Ioanne raised her hand and the woman faltered in her rumbling, trembling babble.

"Then the war is... not over?" she continued asking. Her fingers lowered again. Settled down on her knee and clawed into it. She had been sure she had fought the final battle. An ultimate battle.

This time it was the man who answered. "There is always war." He looked at her doubtfully as if he couldn't quite believe the absurdity of her question. "And not just one. It's we against... everyone else."

"We..." Before Ioanne could quite finish her words the boy, so very protected, approached from the side.

"The council of witches. Are you not a witch?"

"Shh!" his father quickly interrupted him. By then, however, Ioanne was already leaning further forward, peering at the others in a way so insistent that her small body, battered by dirt and bruises, seemed much larger. She had never been the strongest, the most capable, the smartest or the best at anything. But she possessed a look in her eyes that others could not escape.

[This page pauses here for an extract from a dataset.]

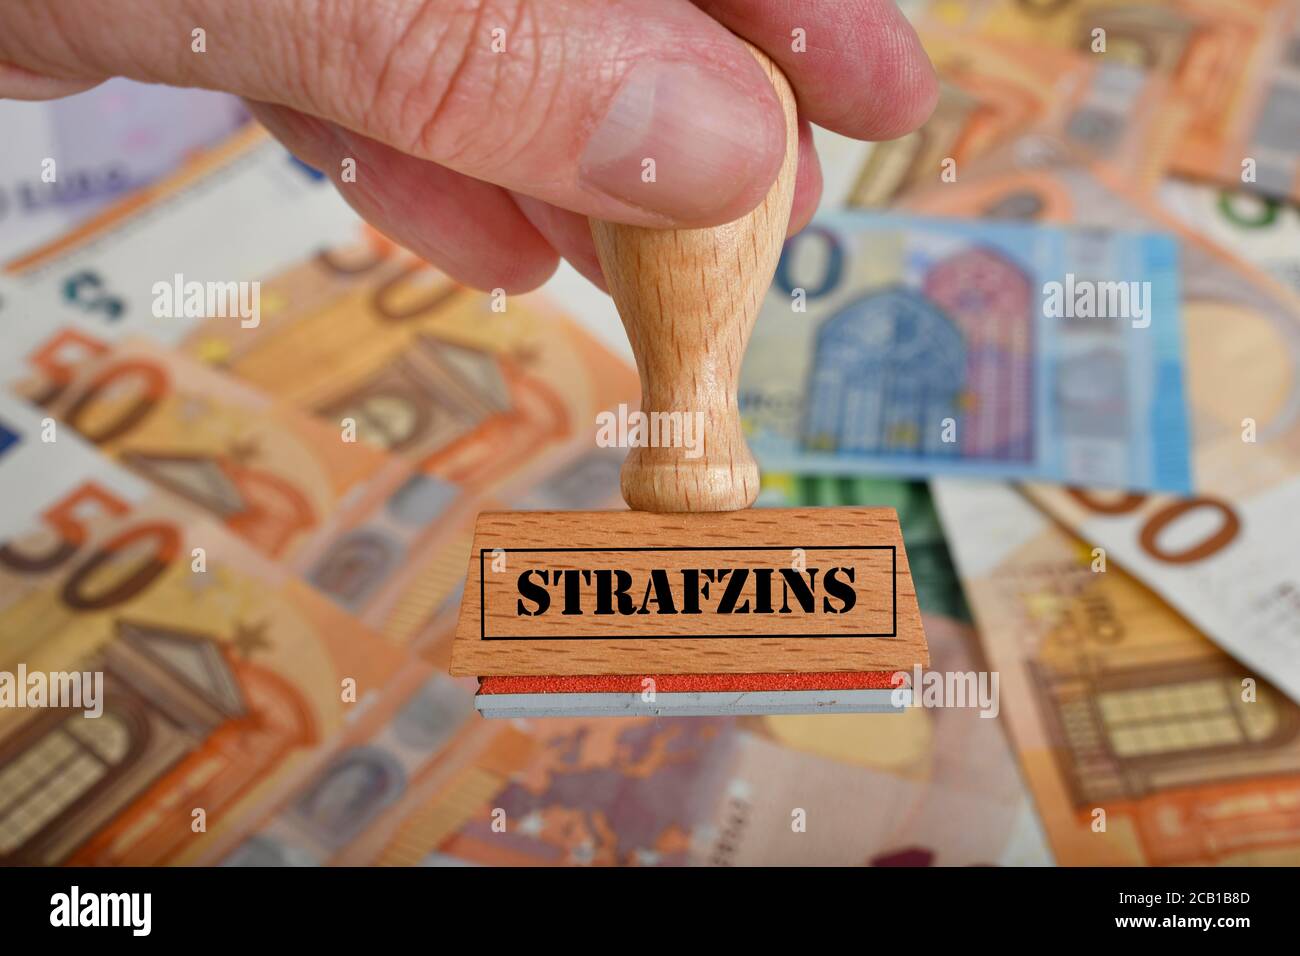 PHOTOMONTAGE, image symbole intérêt négatif, timbre avec inscription STRAFZINS, sur les billets EN EUROS, Allemagne Banque D'Images

"A council of witches." she put the word in the air, tasting it on her tongue. When they had been nothing more than a small army driven by vengeance, cutting through superior numbers like the blade of a retributive deity, the notion of a council had been a mere thought. She licked her dry lips uneasily.

"The city, Lutejan. How long has it been since... since it burned down?" A jerk went through her voice and her fingers slid into a tense knot over her knees.

The answer to this came quicker than she would have expected. And simpler, accompanied by an irritated shrug of shoulders as the woman in front of her put her hands on her hips and explained directly.

"One hundred years. Very precisely, in fact. The anniversary feast is the day after tomorrow."

A rush swept through her head and through her veins. She heard it flowing and swirling in her body as if her insides had turned into a rain-borne storm. The world beneath her seemed to churn. She felt the vibration in the ground, but seemed to be the only one doing so, for the three others only looked at her in wonder as she sat there. Her eyes widened, her mouth opened into a soundless gasp.

"It's going to be a big party!" the shepherd boy announced over the pressure in her ears. "She has the same name!" he then went on to declare, seeming to brush aside the tension billowing around her as if he really didn't register it. Like a child. An enthusiastic child that looked like a sheep and was as big as a man. Not a soldier, she believed them.

"She has the same name as the liberator." he told his parents. "Like the heroine who overthrew the tyrant and created the Council of Witches. Ioanne!"